By contrast with this approach, Foster, following Andrew Feenberg and Alfred Schmidt, has detailed how, through the concept of sensuous human activity, Marx’s work provides the necessary tools to make sense of the dialectical relationship between nature and society. According to Foster, Marx’s materialism assumes what he calls a form of “natural praxis” through which human sensuous practice is understood to be embodied in the sensuous world itself. Our perceptions of the world are rooted in our natural senses, but, contra empiricism, the senses through which nature becomes aware of itself are not merely passive recipients of information from the external world, but are active and developing processes within the natural world whose development continues and deepens through humanity’s productive interaction with nature. Foster insists that the concept of natural praxis is compatible with Engels’s emergentist conception of reality while avoiding the pitfalls of reductionist readings of Engels’s work.74

Moreover, and much more interestingly, he argues that this conception of praxis coheres with contemporary ecological concerns. Prefiguring modern ecology’s concern with humanity’s oneness with nature, Engels’s conception of a dialectics of nature opens a space through which ecological crises could be understood in relation to alienated nature of capitalist social relations. Because production is first and foremost a metabolic exchange with nature, alienated relations of production include an alienated relationship to nature itself. Consequently, the same forces that underpin capitalism’s tendency toward economic crises generate parallel tendencies toward environmental crises. Marx and Engels’s understanding of the unity of humanity and nature is thus suggestive of a revolutionary perspective that is simultaneously political, social, and ecological in scope: the socialist revolution would involve not merely a transformation of social and political relations, it would also necessarily involve a radical transformation of humanity’s relationship to nature. The internal relationship between capitalist and ecological crises informs Foster’s argument that Engels’s claim that “nature is the proof of dialectics” can and should be revised to read that “ecology” has become “the proof of dialectics.”75 So, whereas Engels’s critics have tended to reimagine Marx as merely a social theorist, Engels’s philosophical writings illuminate the powerful ecological dimension of his and Marx’s thought, and consequently the internal link between ecological concerns and anticapitalism.
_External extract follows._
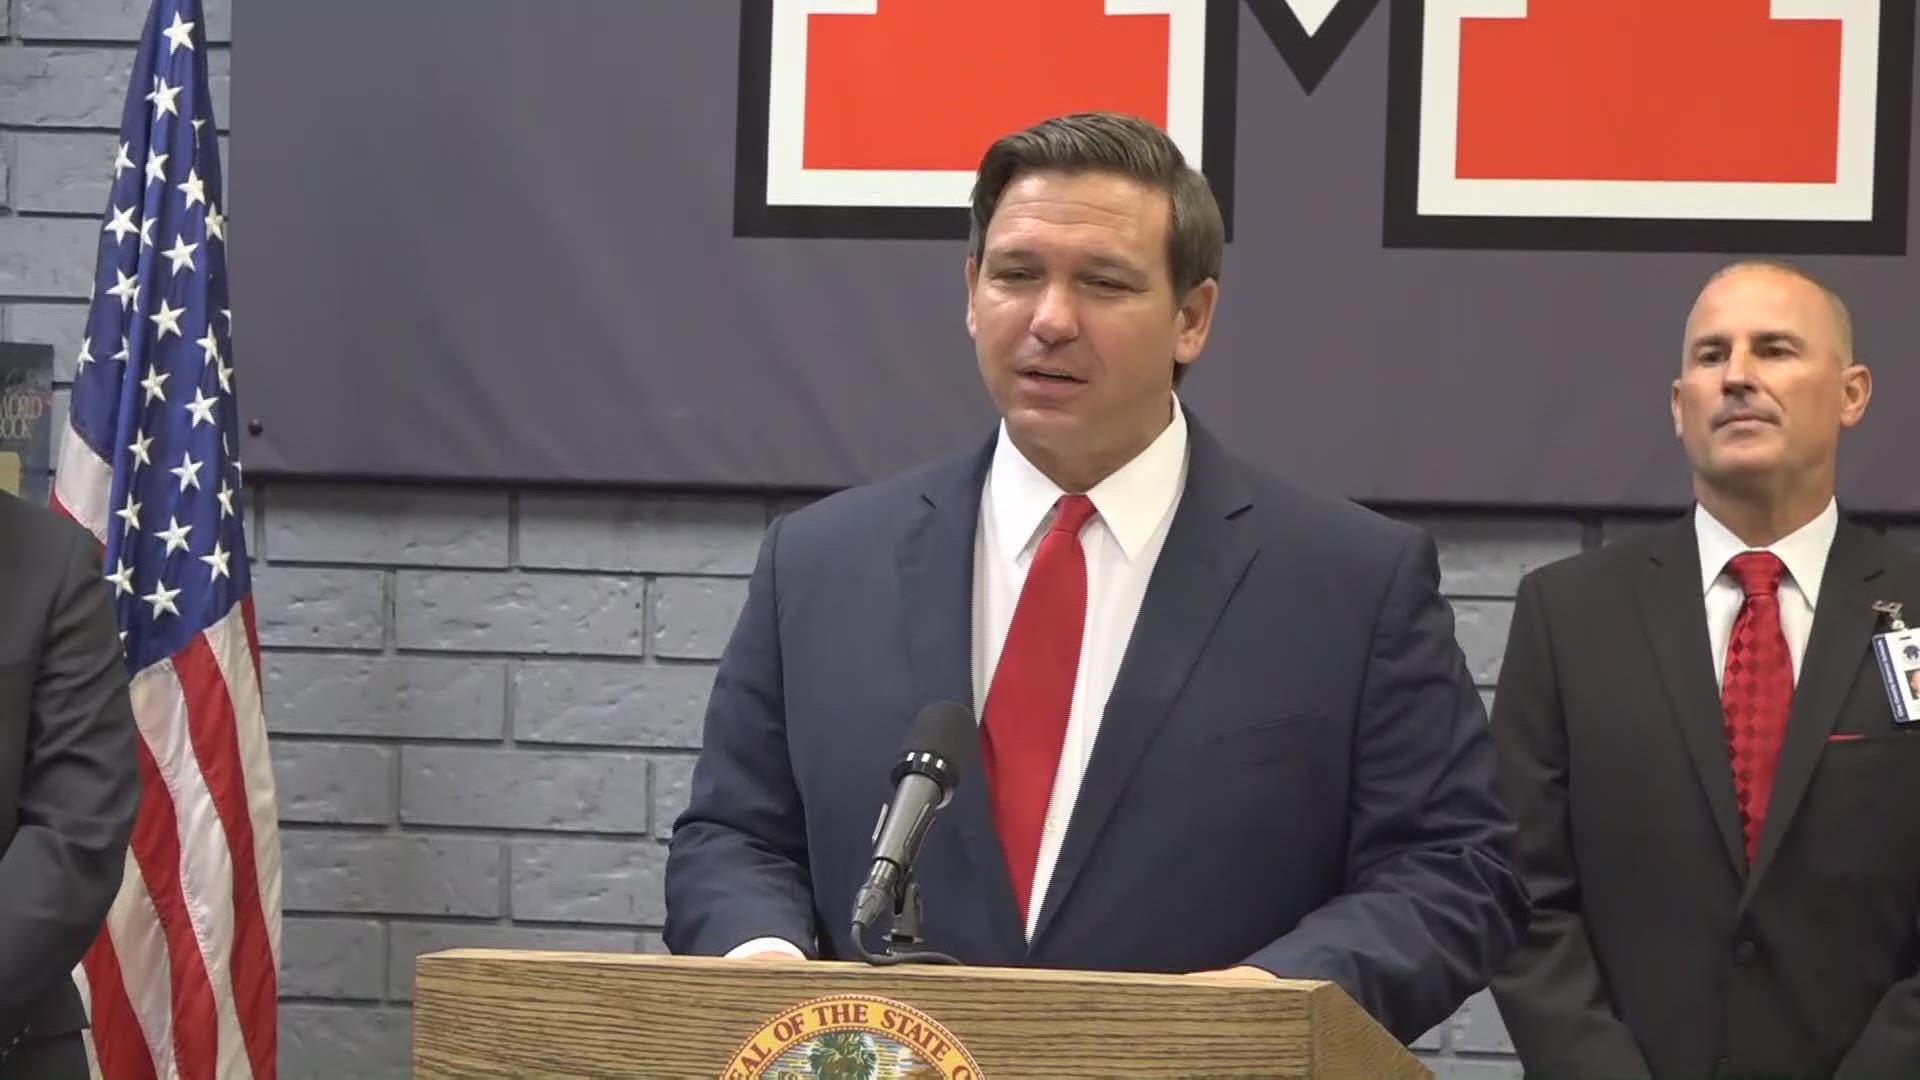 Gov. DeSantis announced Monday that he will be recommending a higher minimum starting salary for all Florida teachers during the next legislative session.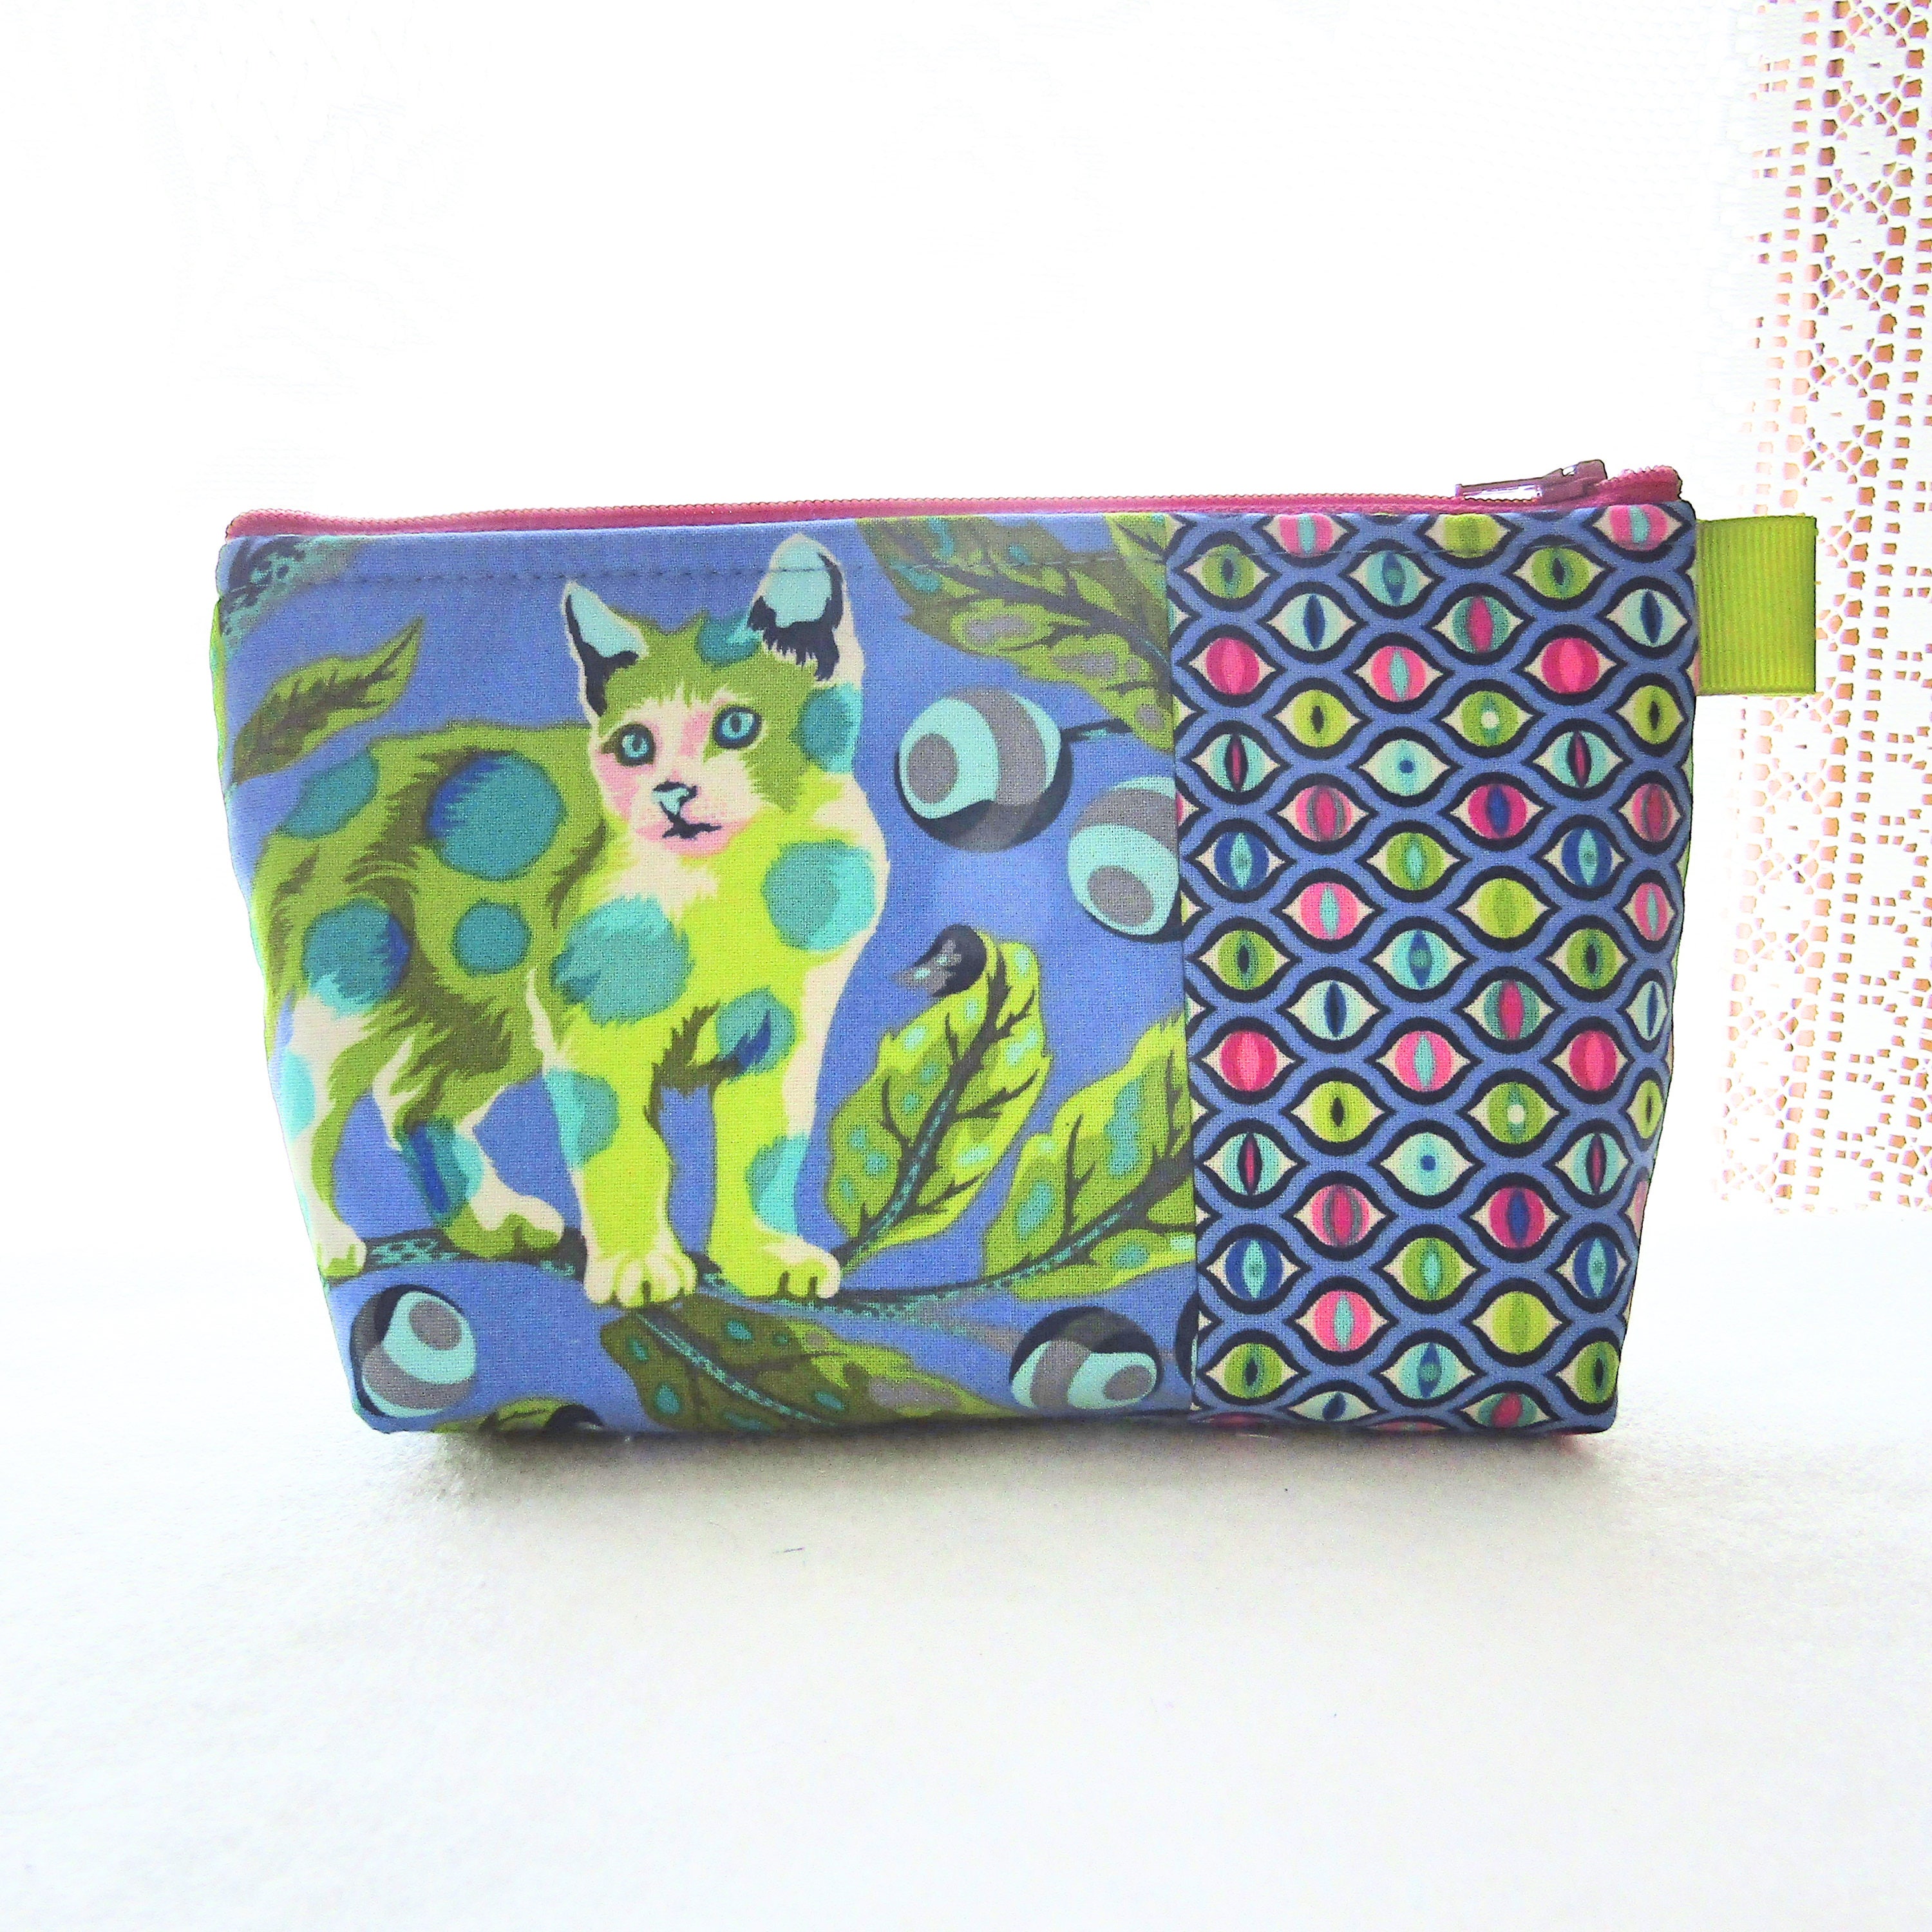 Disco Kitty Tula Pink Fabric Large Cosmetic Bag Zipper Pouch

Foster’s argument powerfully illuminates my contention that it would be a grievous mistake to lose sight of Engels’s fundamental, overwhelmingly positive and still relevant contribution to socialist theory and practice. His thought shares the central strengths of Marx’s work, whose themes he often prefigured, while he made powerful and independent contributions to Marxism in his own right. And it is my belief that the left would benefit enormously from a serious reassessment of his work.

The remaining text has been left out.